What the task asks: Leave out the pictures and reproduce all of the data exactly.

___ Data provided ___

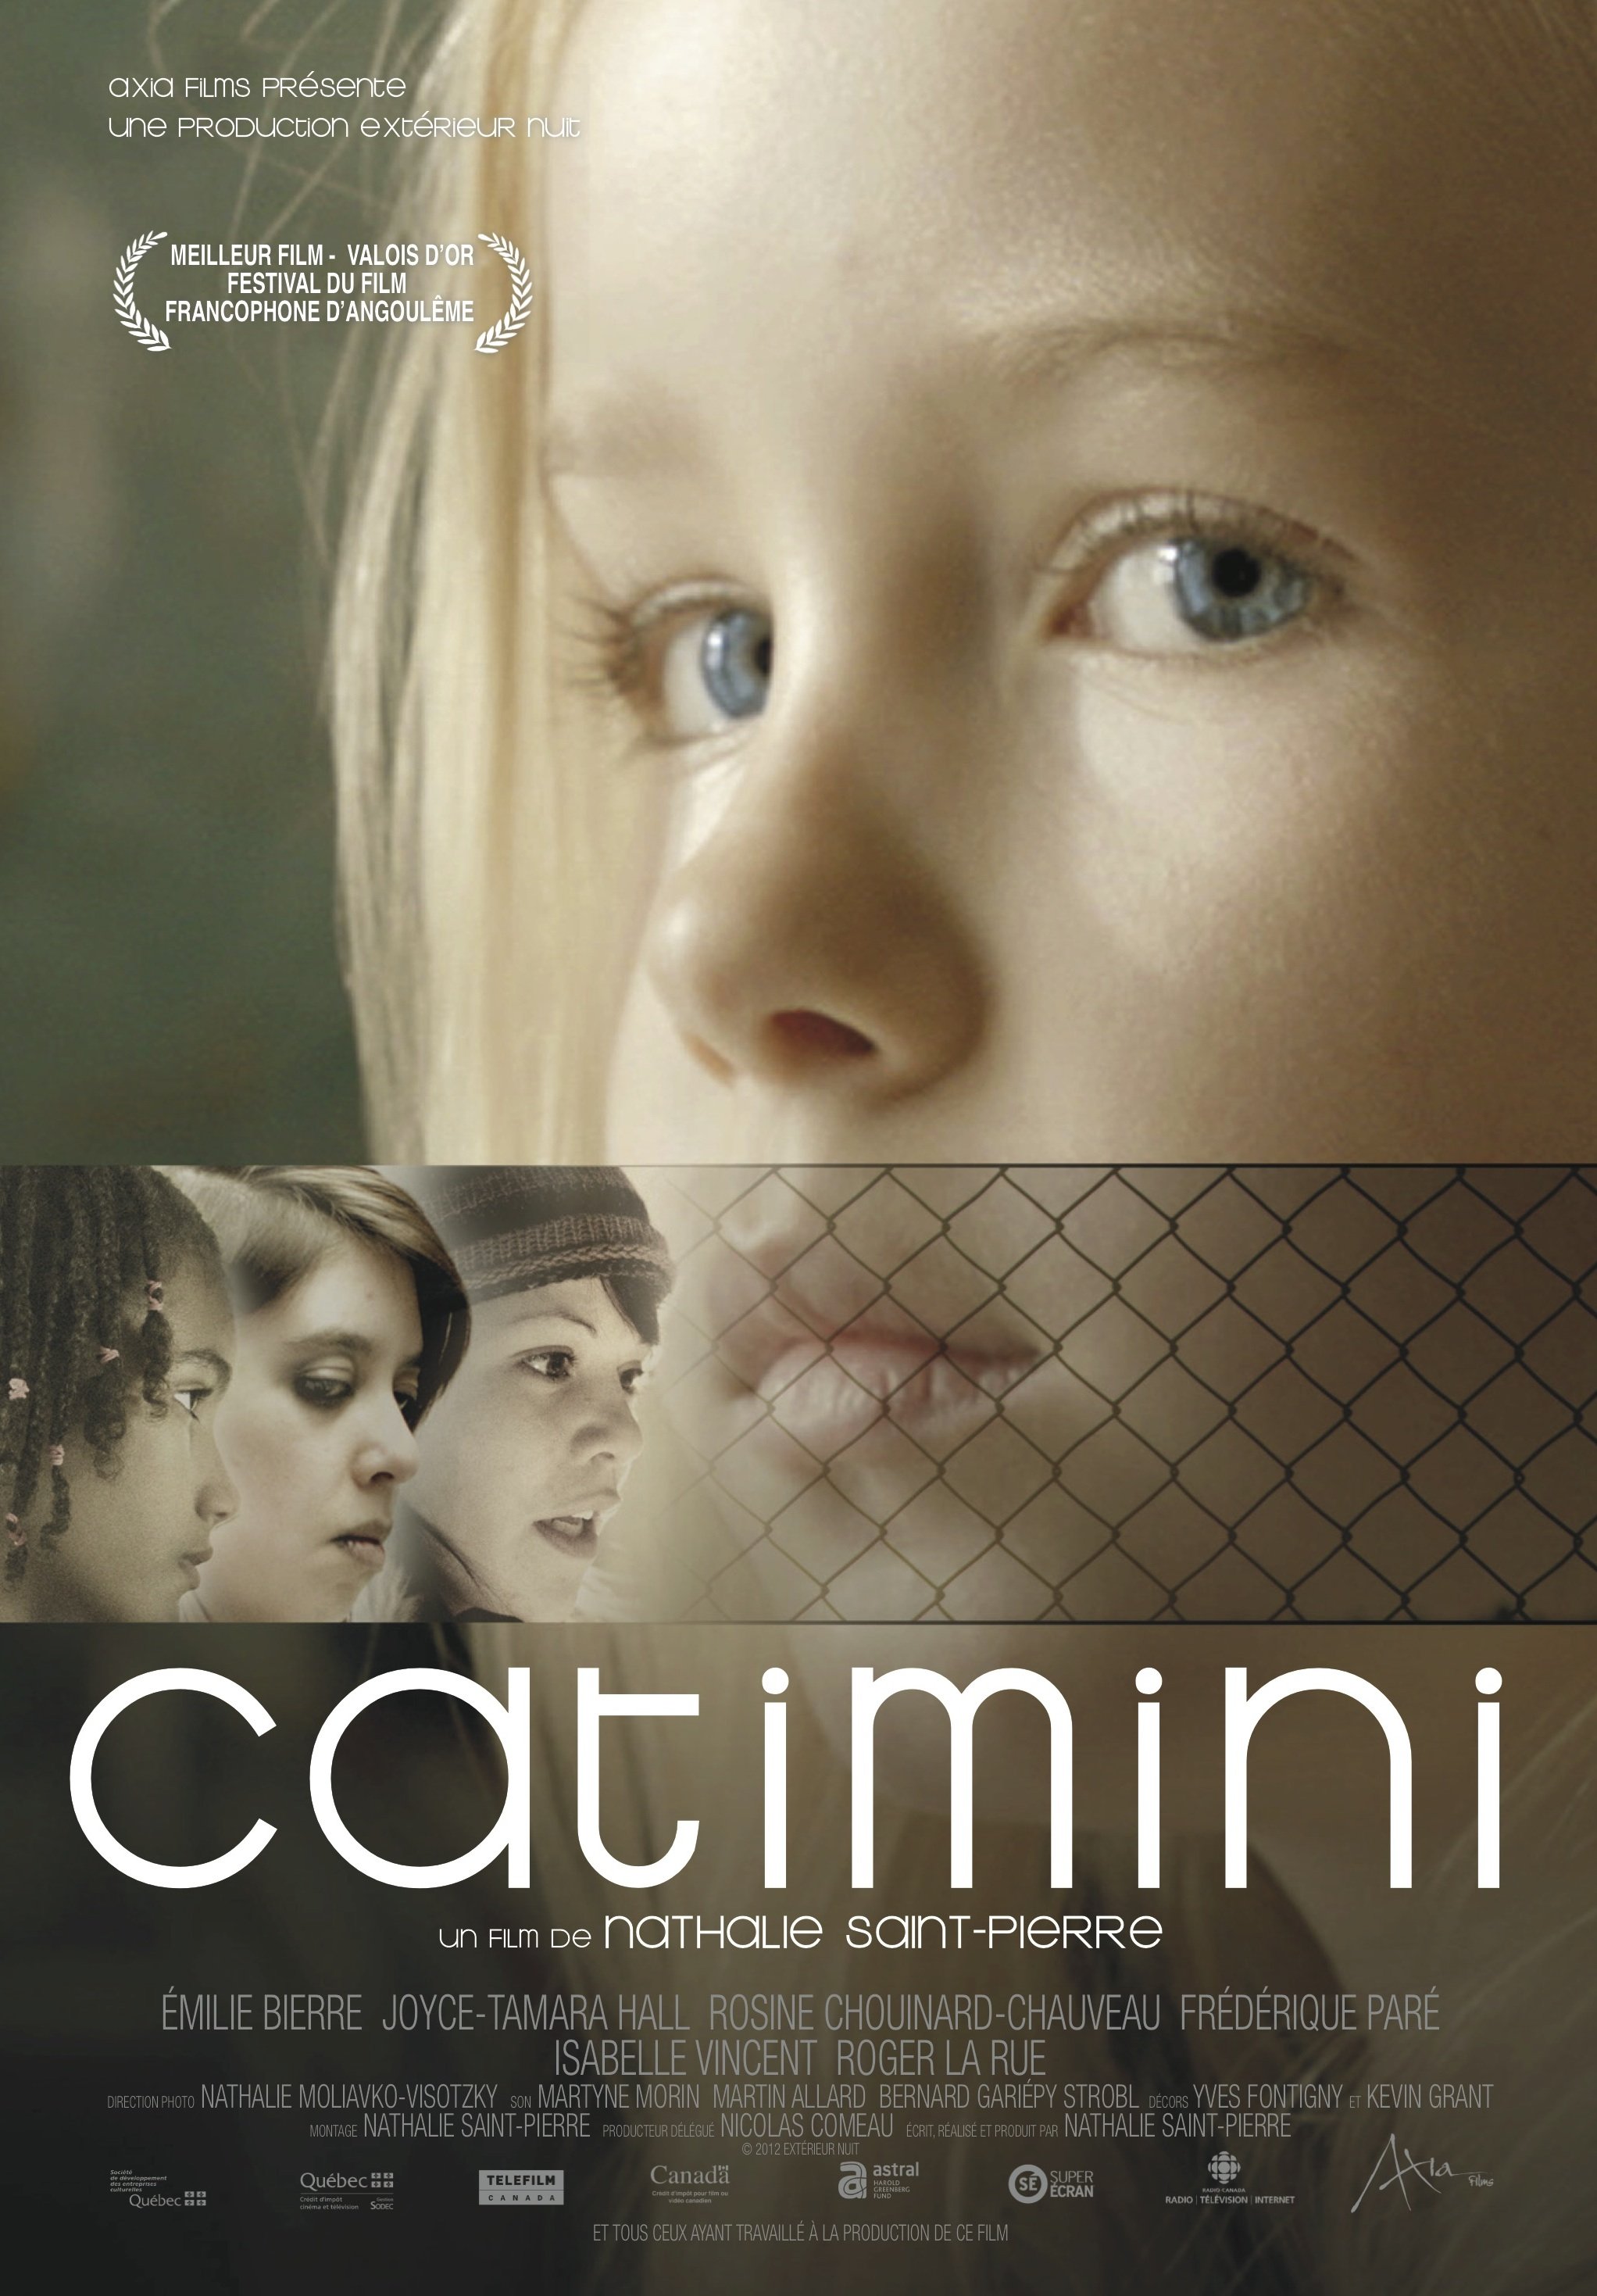 Poster of the movie Catimini
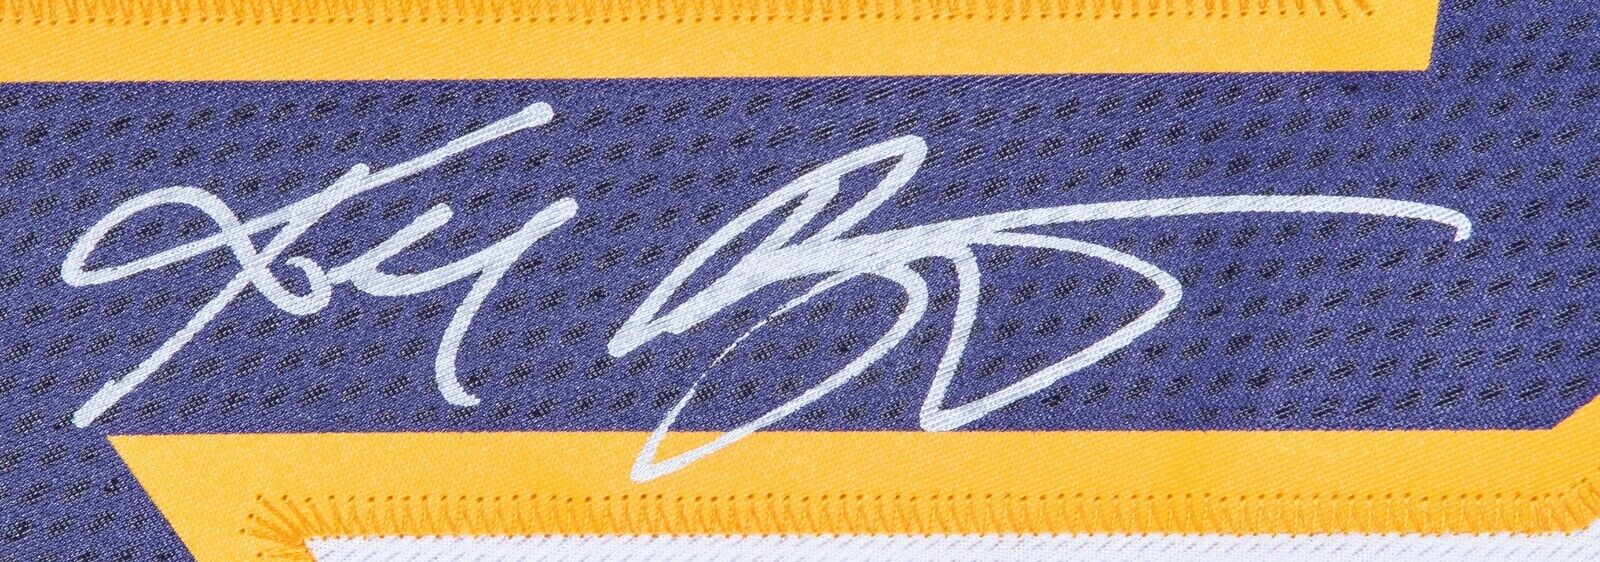 Mamba Kobe Bryant Autographed Lakers Snake Skin Jersey Hand Signed Coa
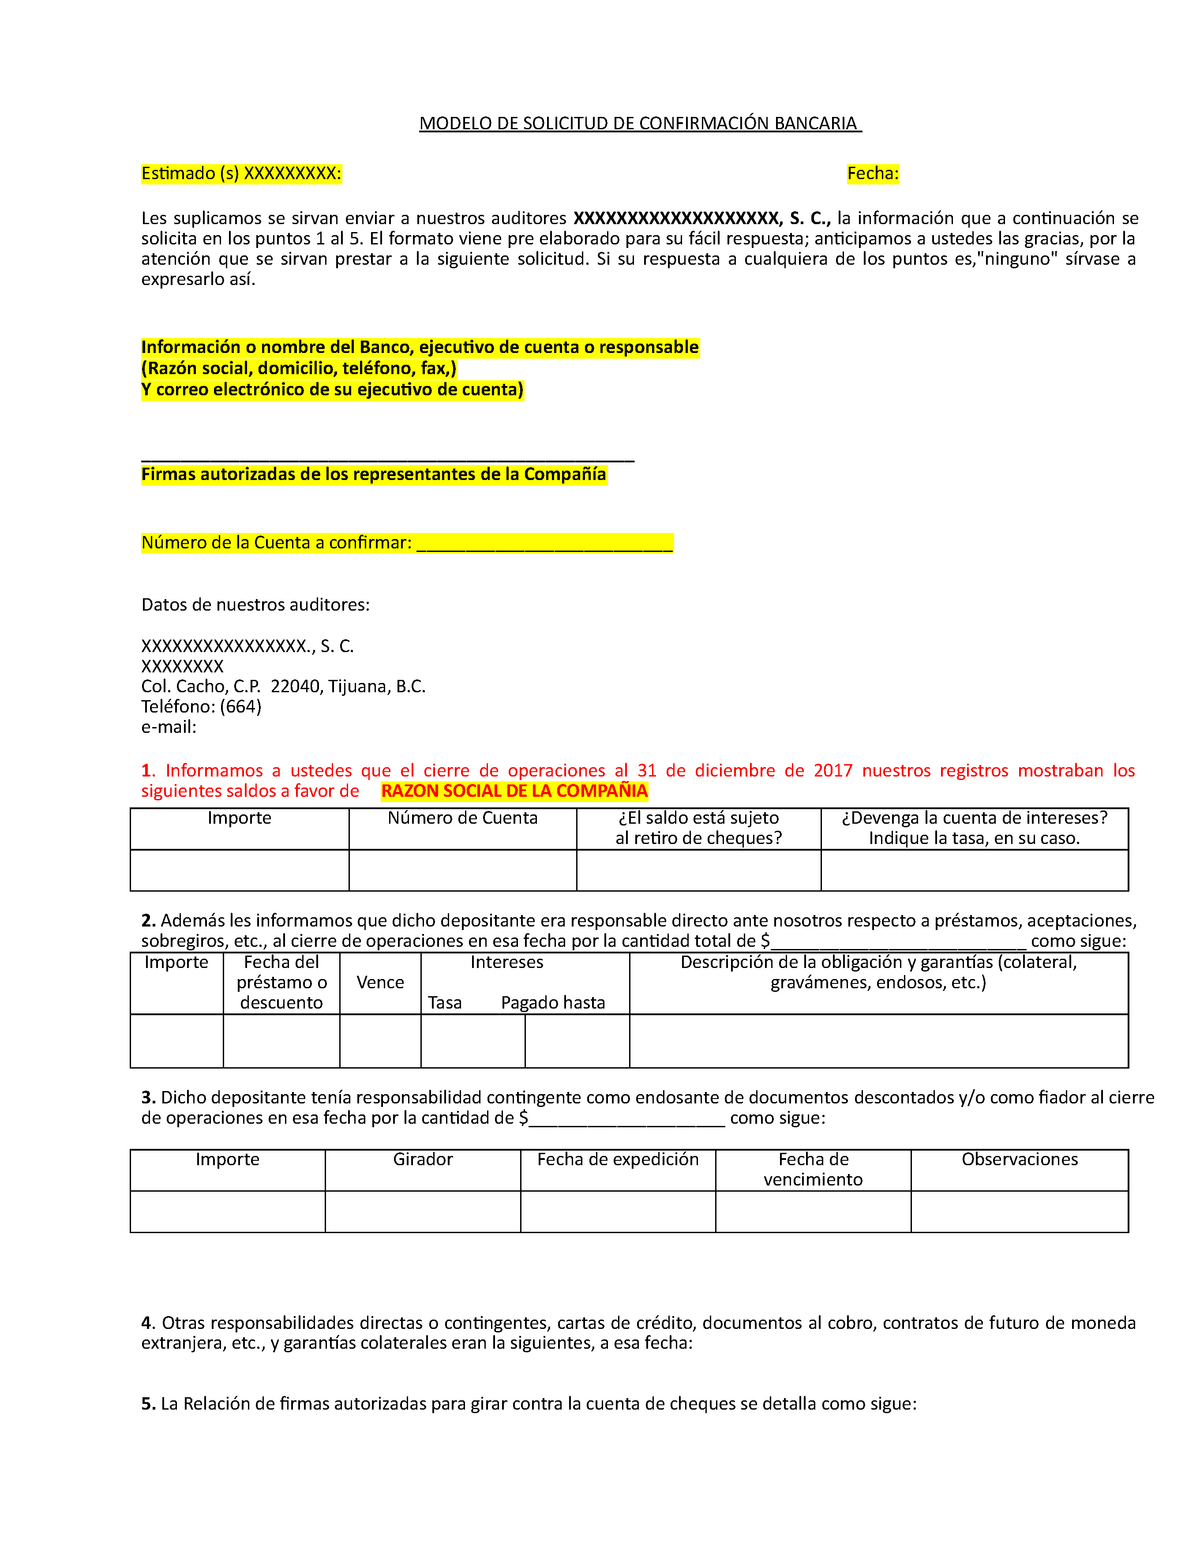 Modelo de Cartas de Solicitud de Confirmación - MODELO DE SOLICITUD DE  CONFIRMACIÓN BANCARIA - Studocu

___

Exercise answer:
 Poster of the movie Catimini
 Mamba Kobe Bryant Autographed Lakers Snake Skin Jersey Hand Signed Coa
 Modelo de Cartas de Solicitud de Confirmación - MODELO DE SOLICITUD DE  CONFIRMACIÓN BANCARIA - Studocu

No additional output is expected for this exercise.